Retype the whole listing exactly. Leave out pictures.

DATA SECTION START

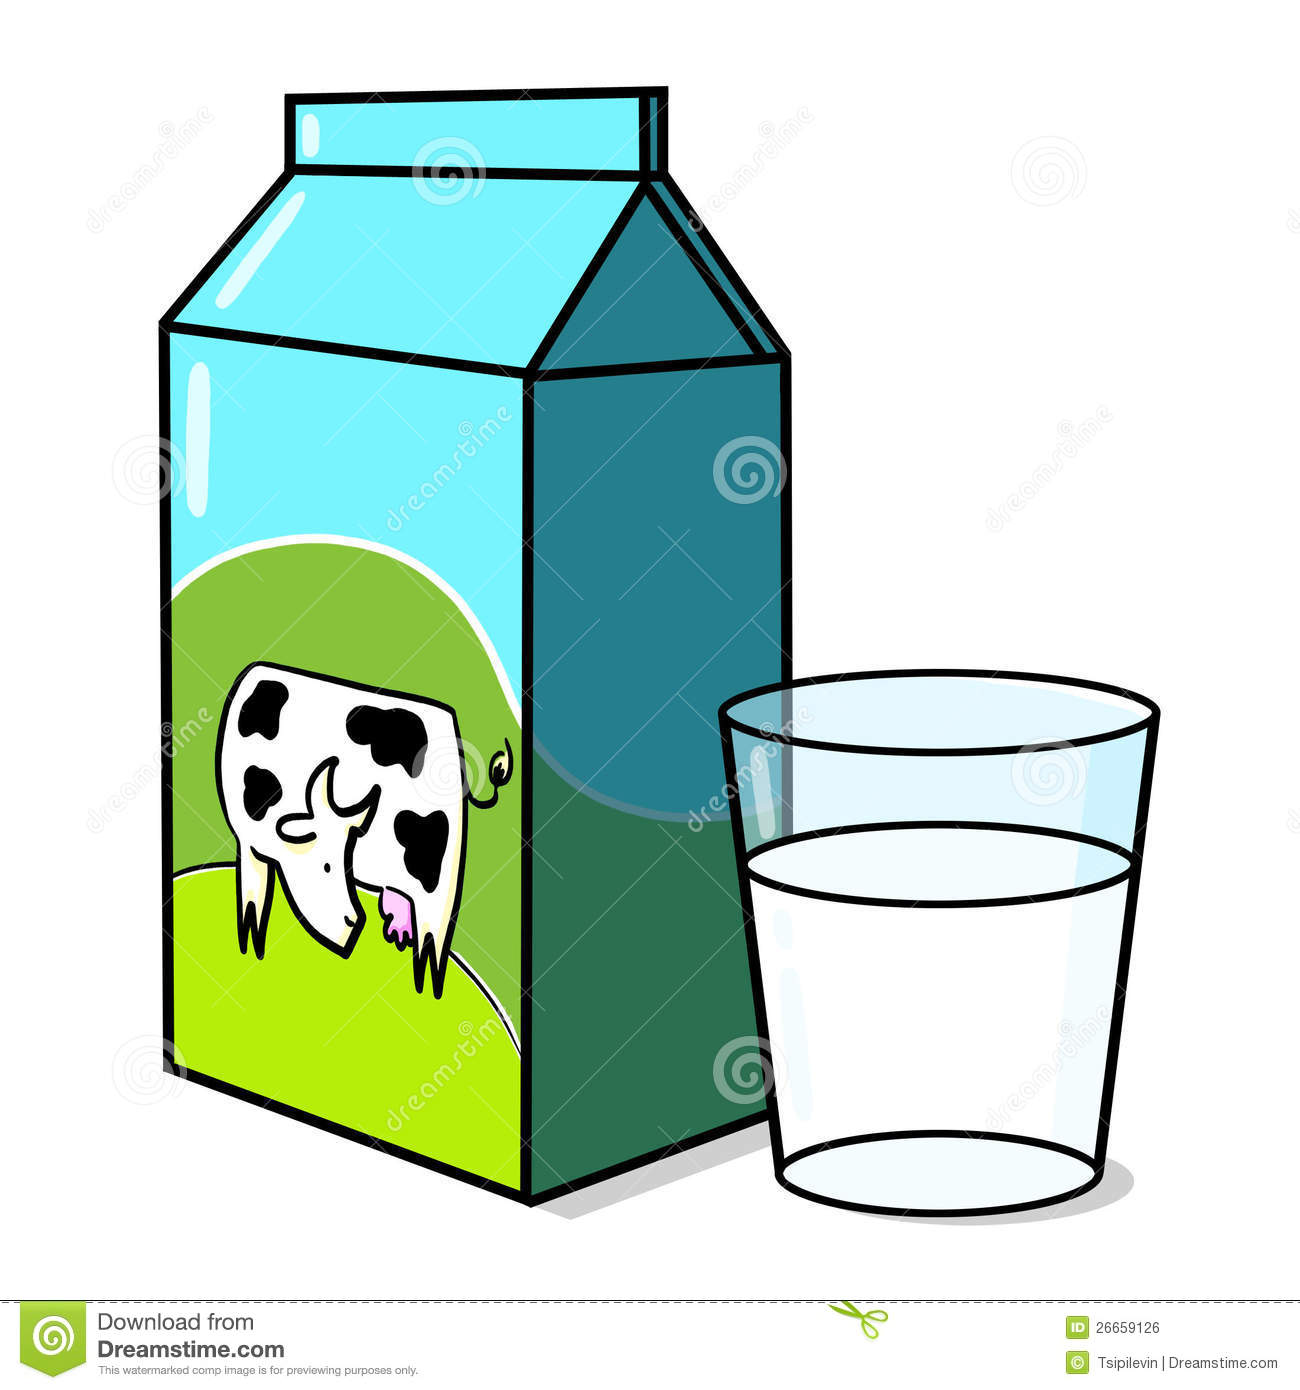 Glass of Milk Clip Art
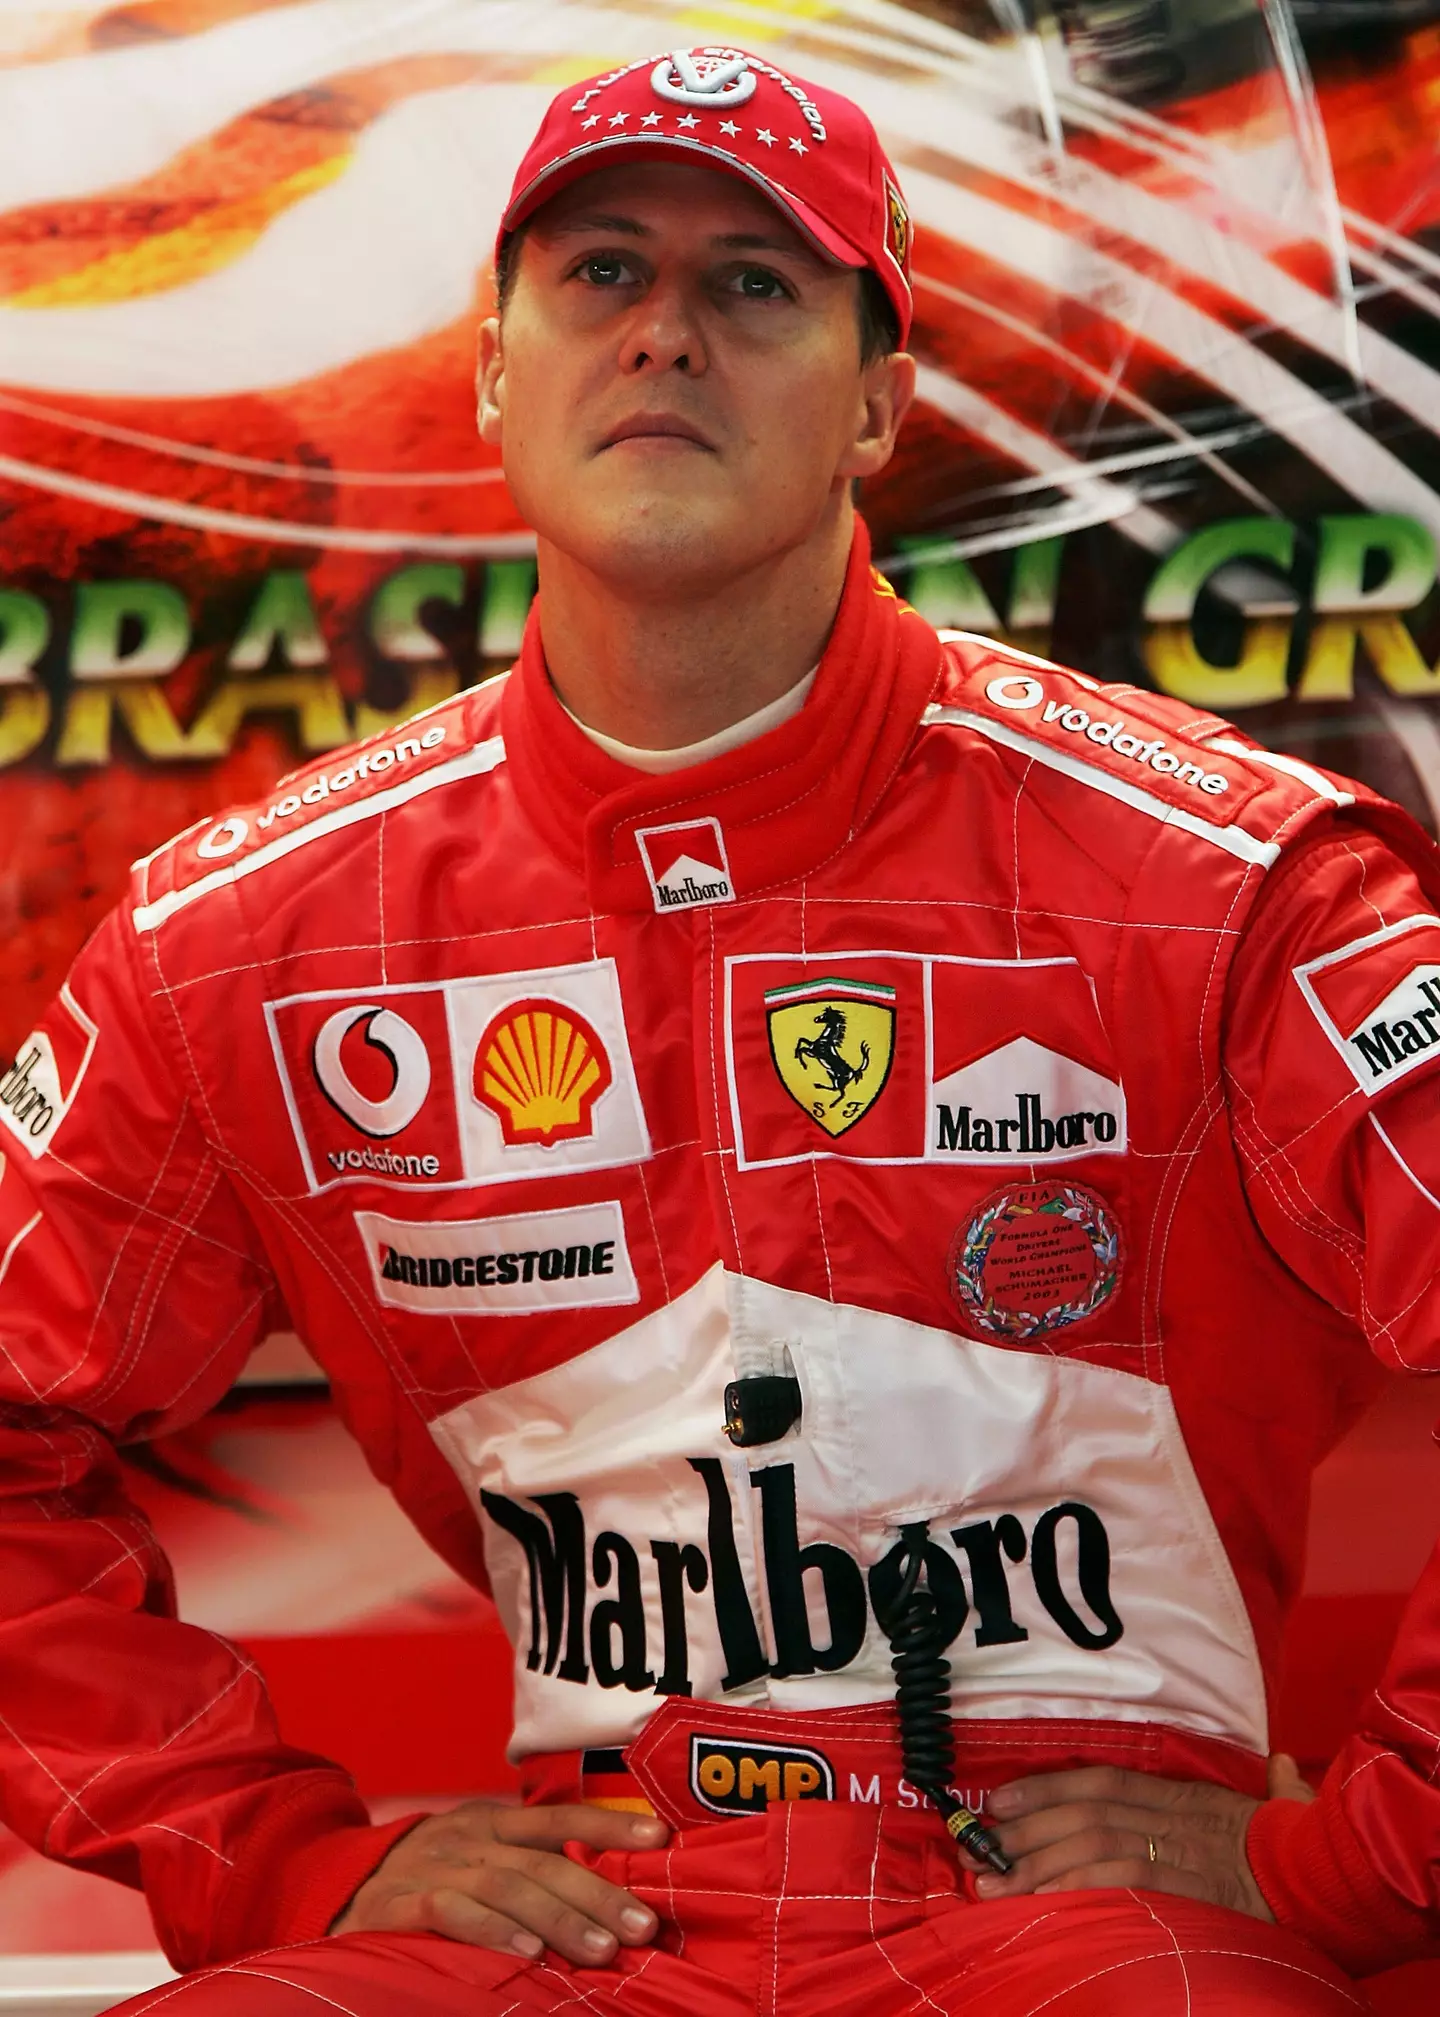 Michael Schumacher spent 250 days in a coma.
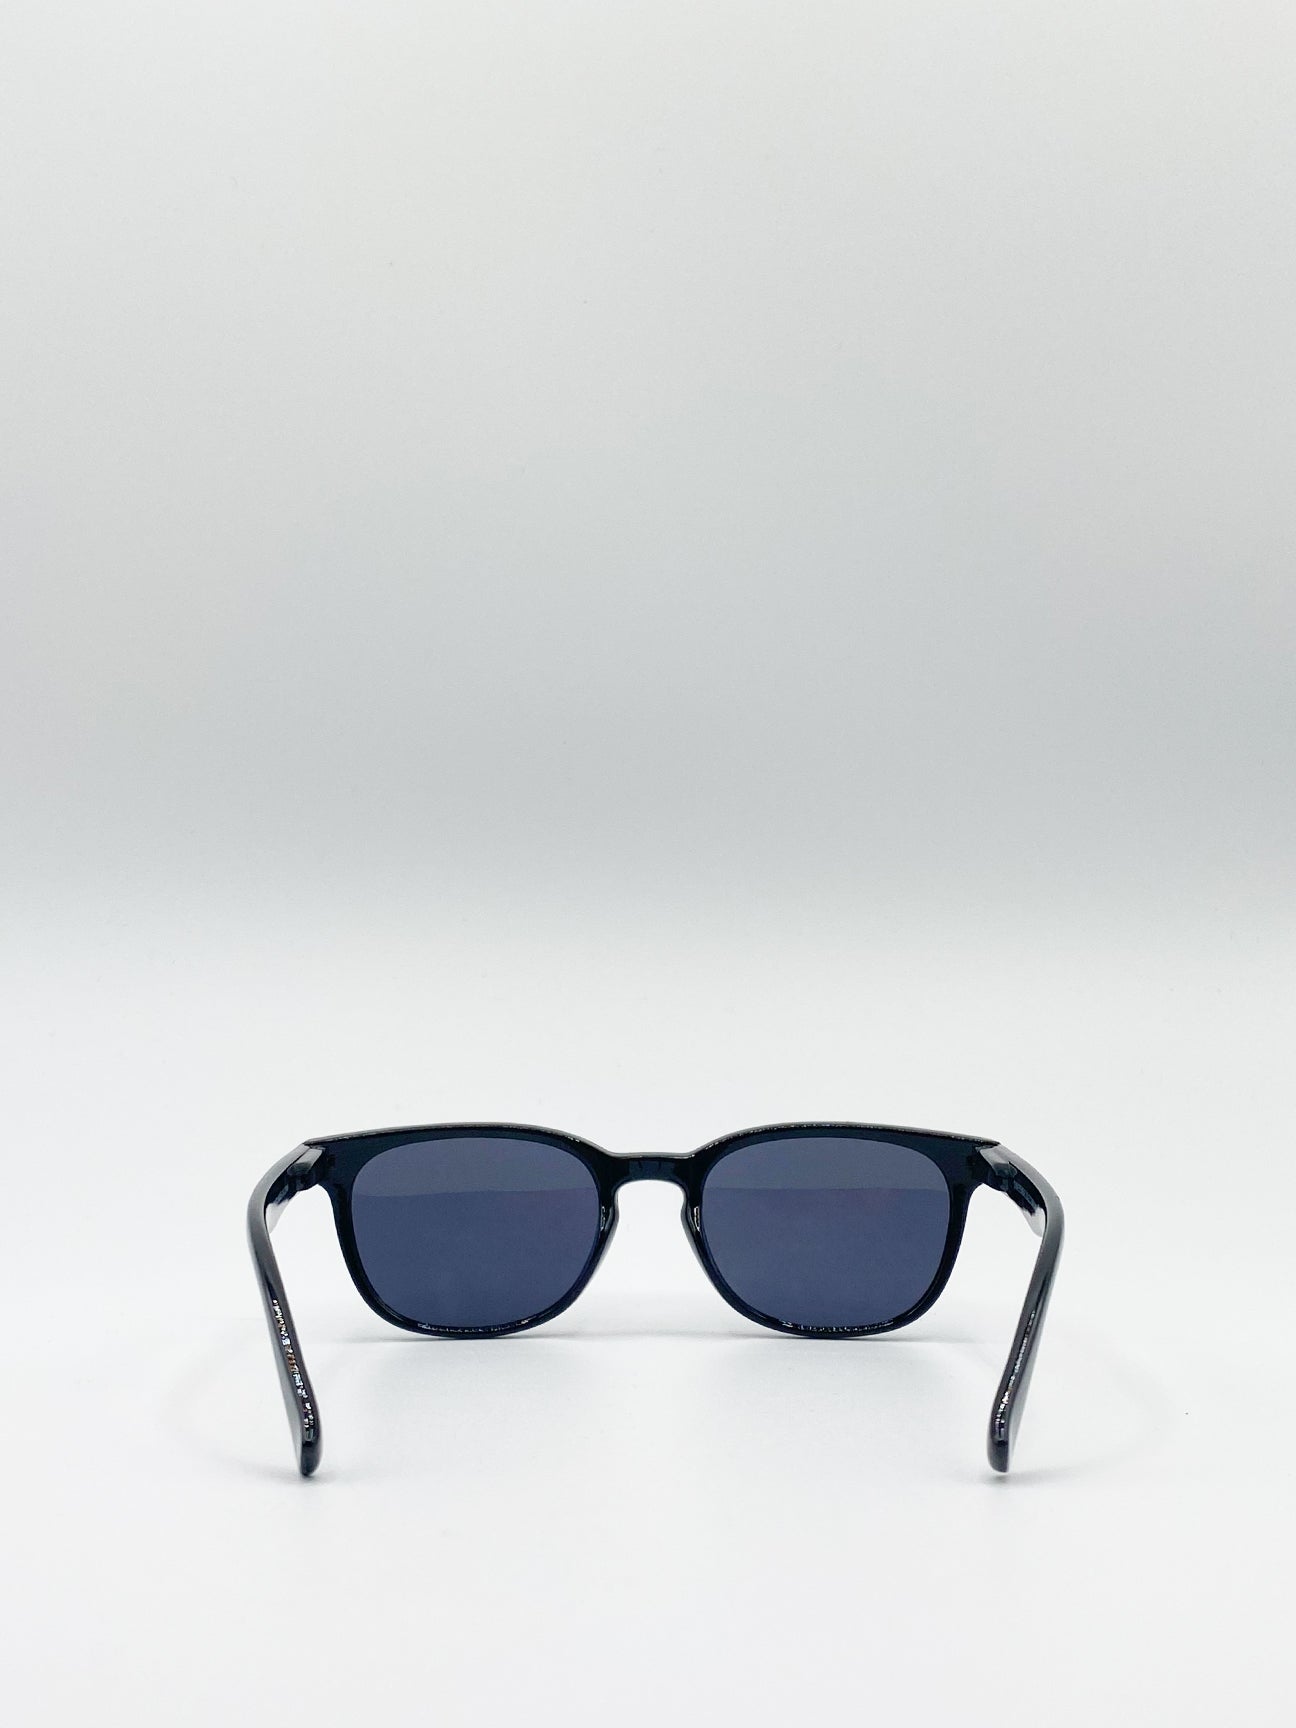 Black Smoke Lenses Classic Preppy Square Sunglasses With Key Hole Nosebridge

DATA SECTION END

**WRITTEN RESPONSE:**
 Glass of Milk Clip Art
 Michael Schumacher spent 250 days in a coma.
 Black Smoke Lenses Classic Preppy Square Sunglasses With Key Hole Nosebridge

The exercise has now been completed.